Had an interesting conversation recently with my friend Jason who naively thinks I should go sky diving with him this summer. I'll give you a minute to picture that, stop laughing, dry your eyes and gather yourself back together again. Go ahead. I'll wait.....Y'ok? Good. Never say never and all that, but I just don't see myself jumping out of an airplane on purpose. Oh, I've imagined myself hurtling to my death, but it was was for a multitude of reason, not one of which began with my desire to do so. But I thought I'd entertain Jason and maybe become more enlightened on the subject:
ME: So how to you 'learn' to sky dive? It's not like you can REALLY practice. Jumping off a chair or something and knowing what lever to pull is fine, but there is a significant difference between that and 'practicing' a giggabazzilion stories up.

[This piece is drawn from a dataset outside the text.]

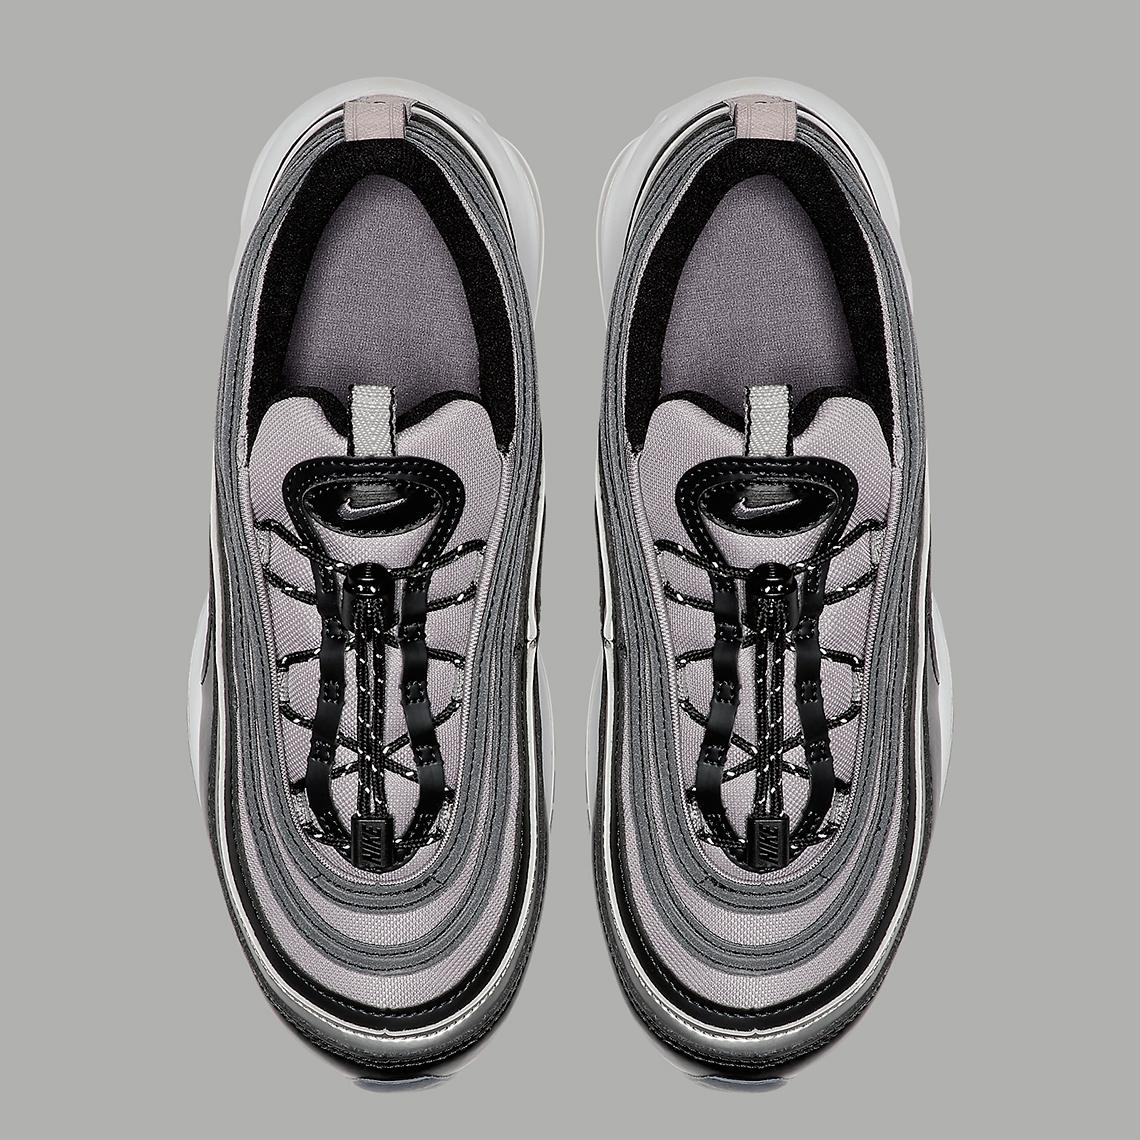 Nike Air Max 97 Grey Black BQ8437 001 Release Info
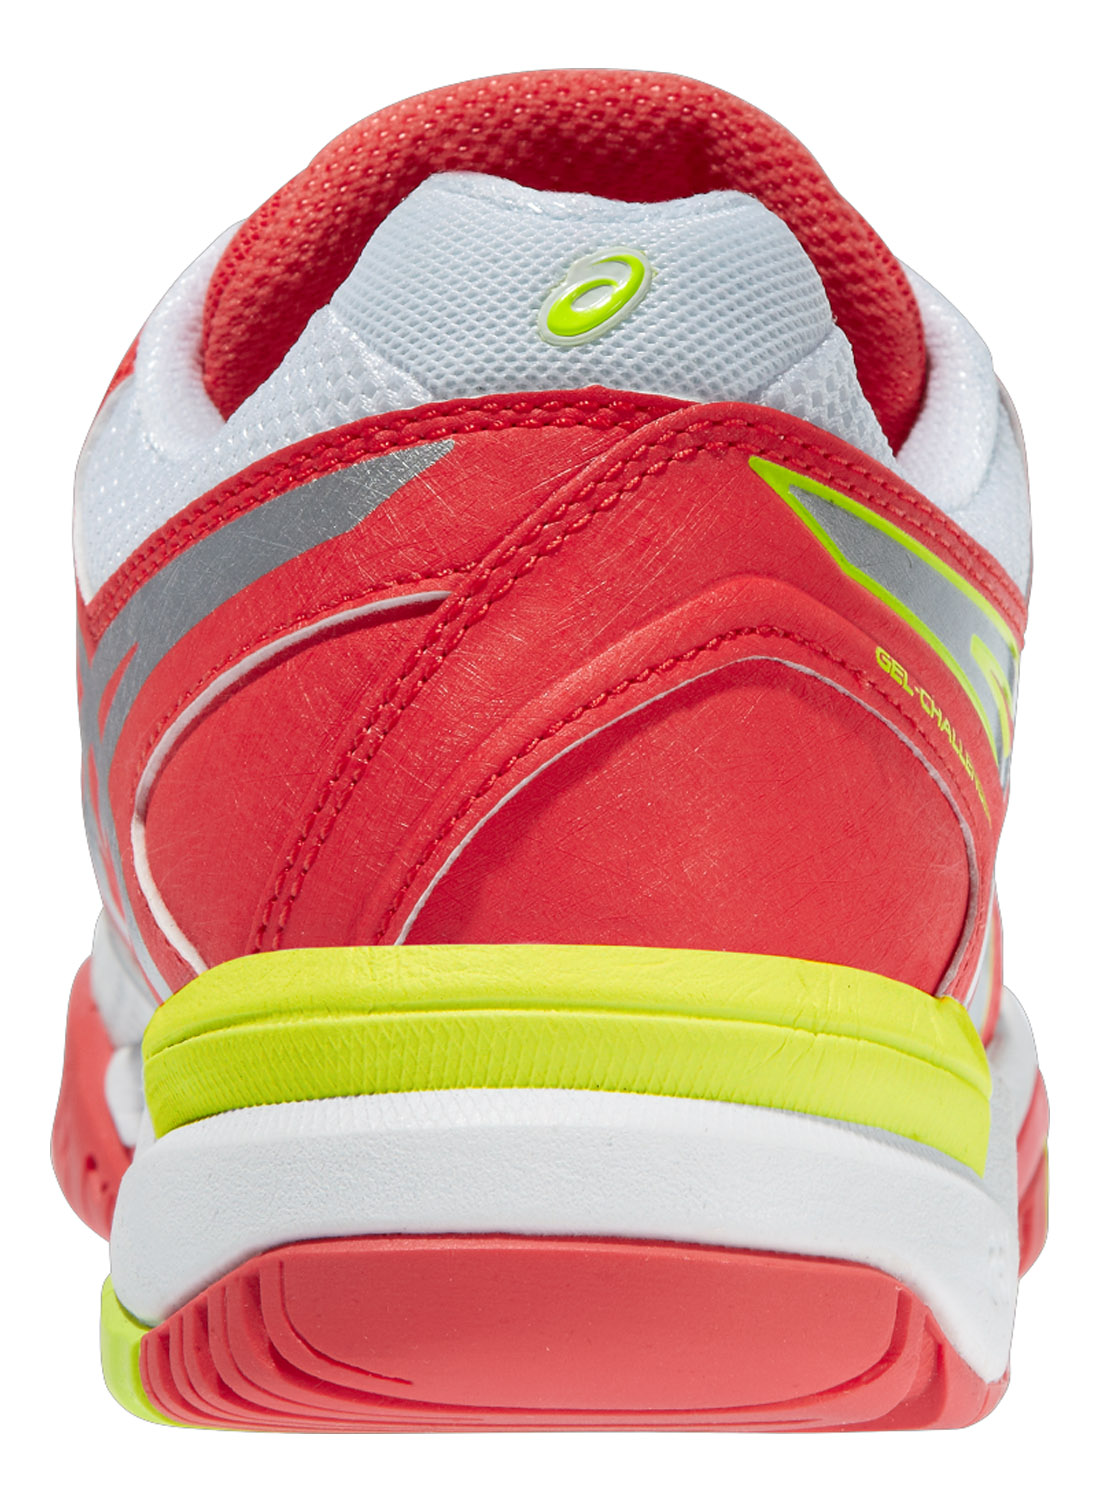 10 2015 Destockage Gel De Tennis Asics Chaussures Challenger Operation Femme wT0YO1q

JASON: Well the first couple of times you jump tandem.
ME: Oh yeah! I've seen that. You are strapped to the back of someone who is experienced and knows what they're doing right?
JASON: Yeah, well...he's strapped to YOUR back...but yeah.
(Insert crickets chirping and me looking incredulous here.)
ME:Let me get this straight. I jump...(let's be honest, I will probably have to be pushed although knowing me, accidentally falling out is also not out of the question...but I digress)...from an airplane.
ME: I plummet hundreds of feet to the earth and by some saving-grace-miracle-the-likes-of-which-have-not-been-witnessed-since-the-birth-of-littlebabyJesus, I manage to safely land on my feet.
ME: And before I am even able to high five my victory over death, I am immediately squashed by a 200# man who is strapped to my back?!?!?!
Jason: Phil doesn't weigh 200#.
Oh. Problem solved I guess. But until Phil grows an actual set of wings, I won't be trying skydiving anytime soon.